REQUIRED WORK:
Output, exactly as written, the lines below from the one that has "Landscape Lighting Transformer Reviews" through the one that has "Best Rated in"; nothing else, and no pictures.

INFORMATION PROVIDED:
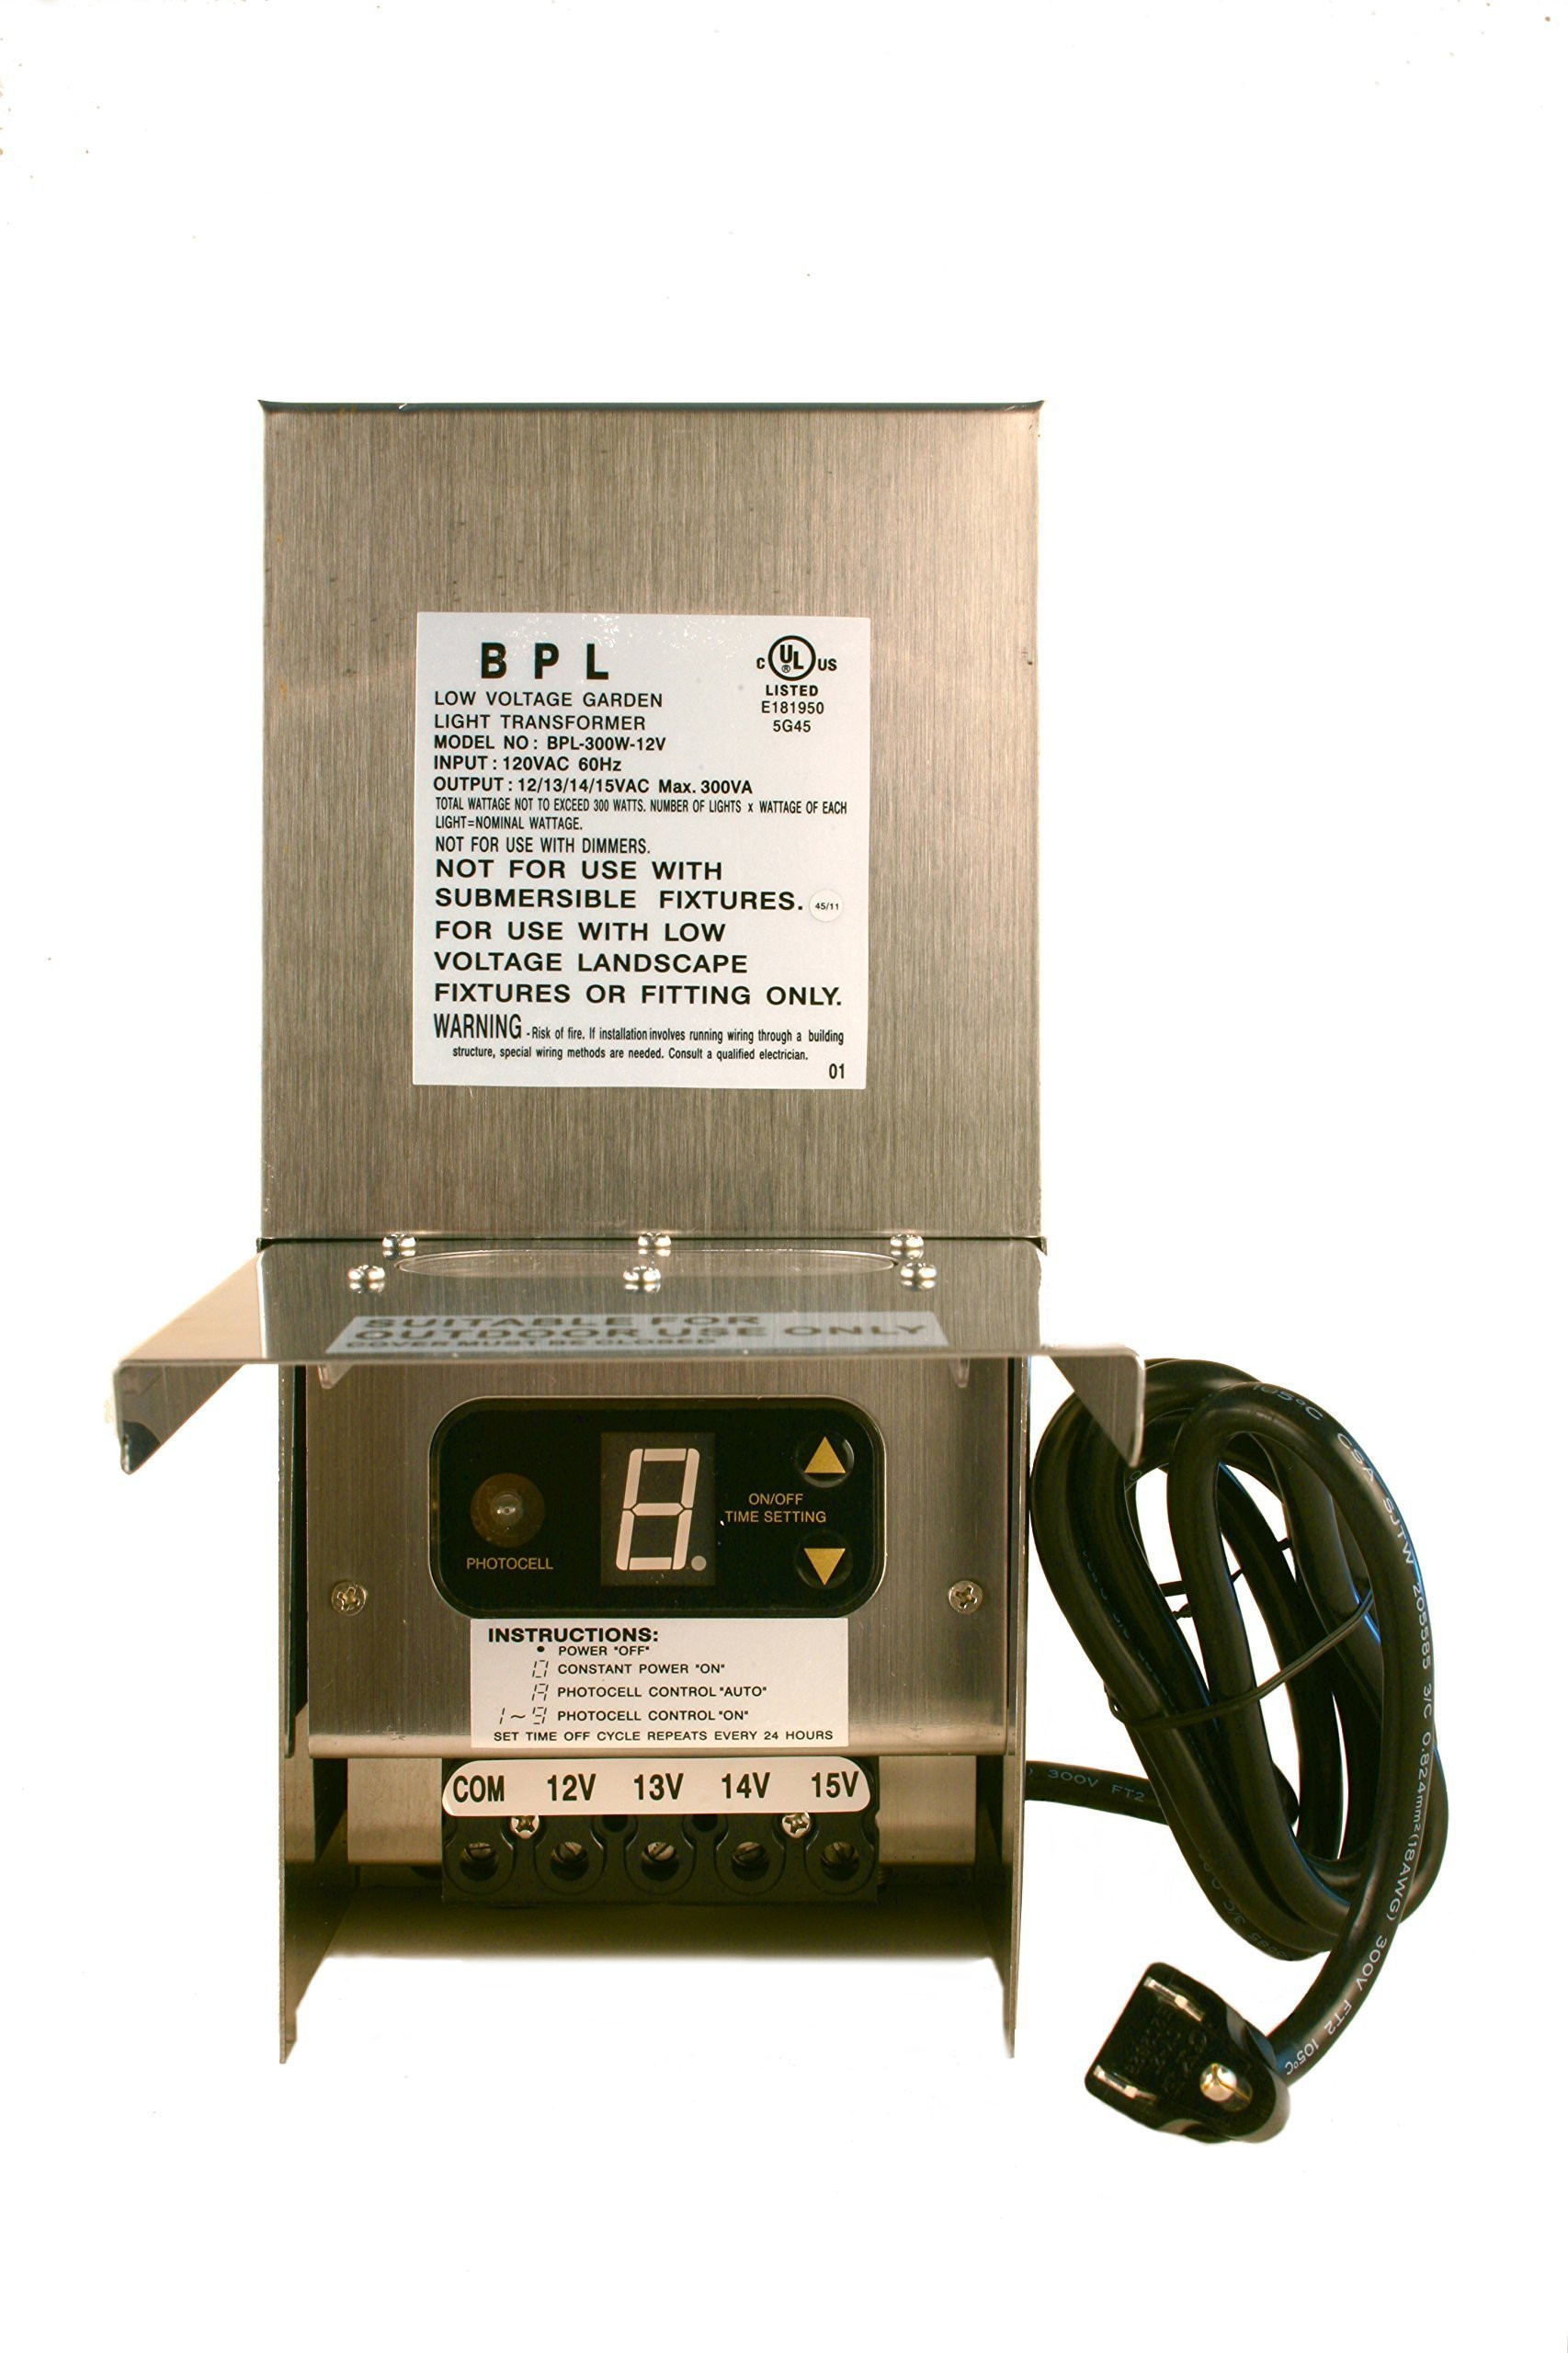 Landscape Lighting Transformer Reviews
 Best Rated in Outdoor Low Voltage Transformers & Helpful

* * *

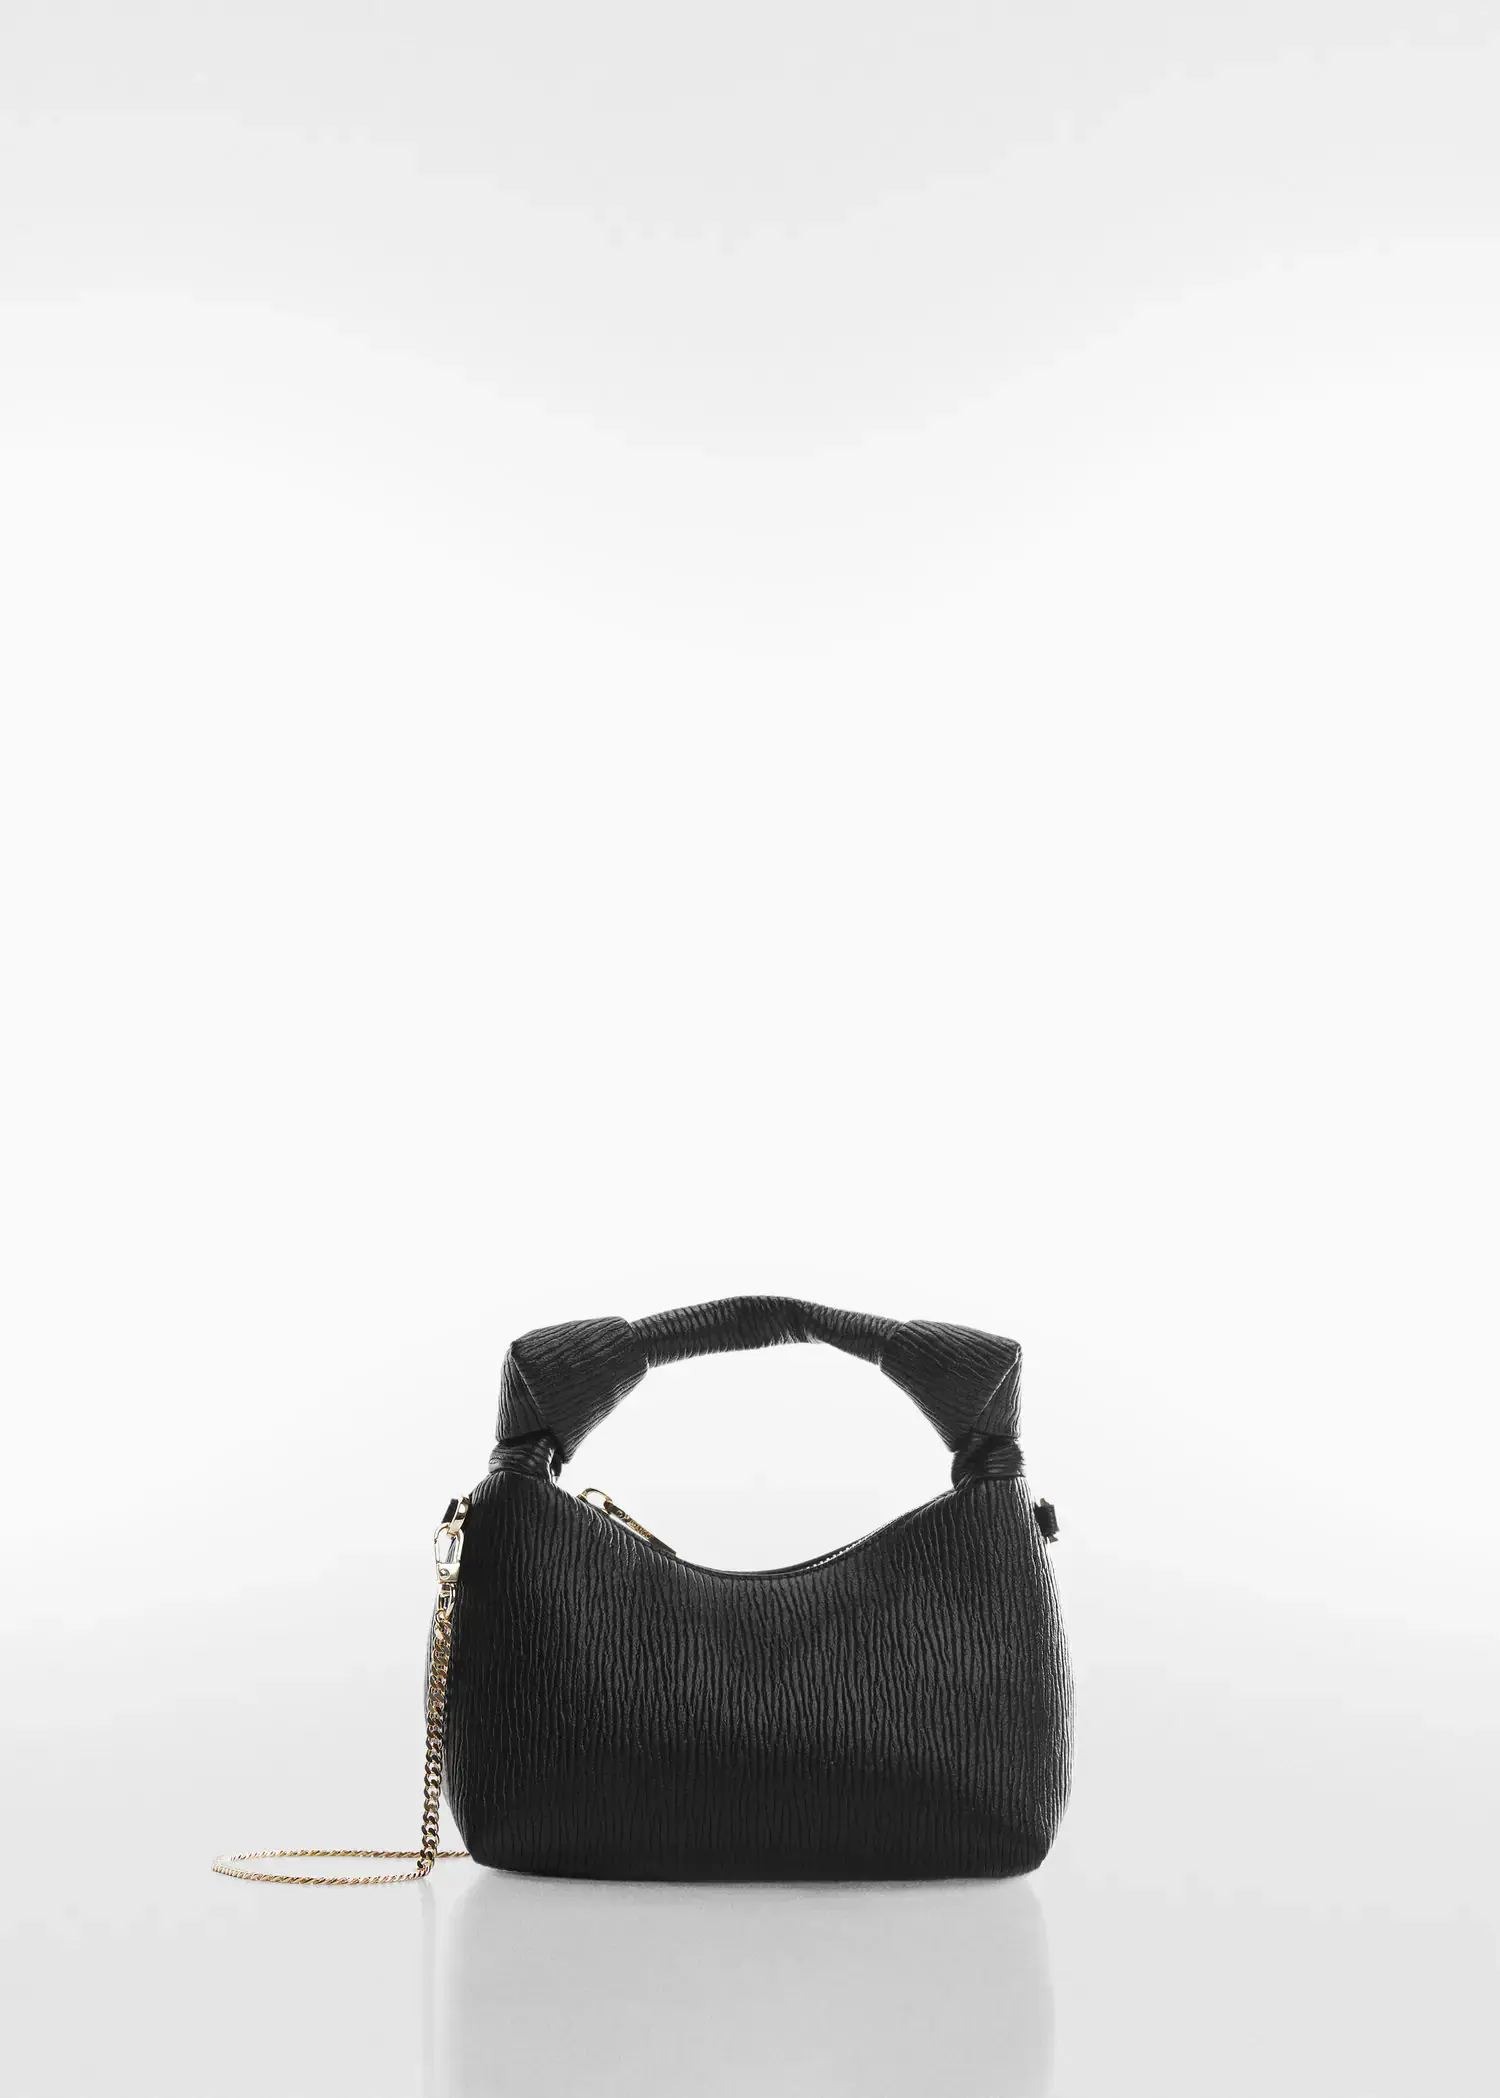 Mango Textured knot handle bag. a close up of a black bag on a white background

ANSWER AREA:
 Landscape Lighting Transformer Reviews
 Best Rated in Outdoor Low Voltage Transformers & Helpful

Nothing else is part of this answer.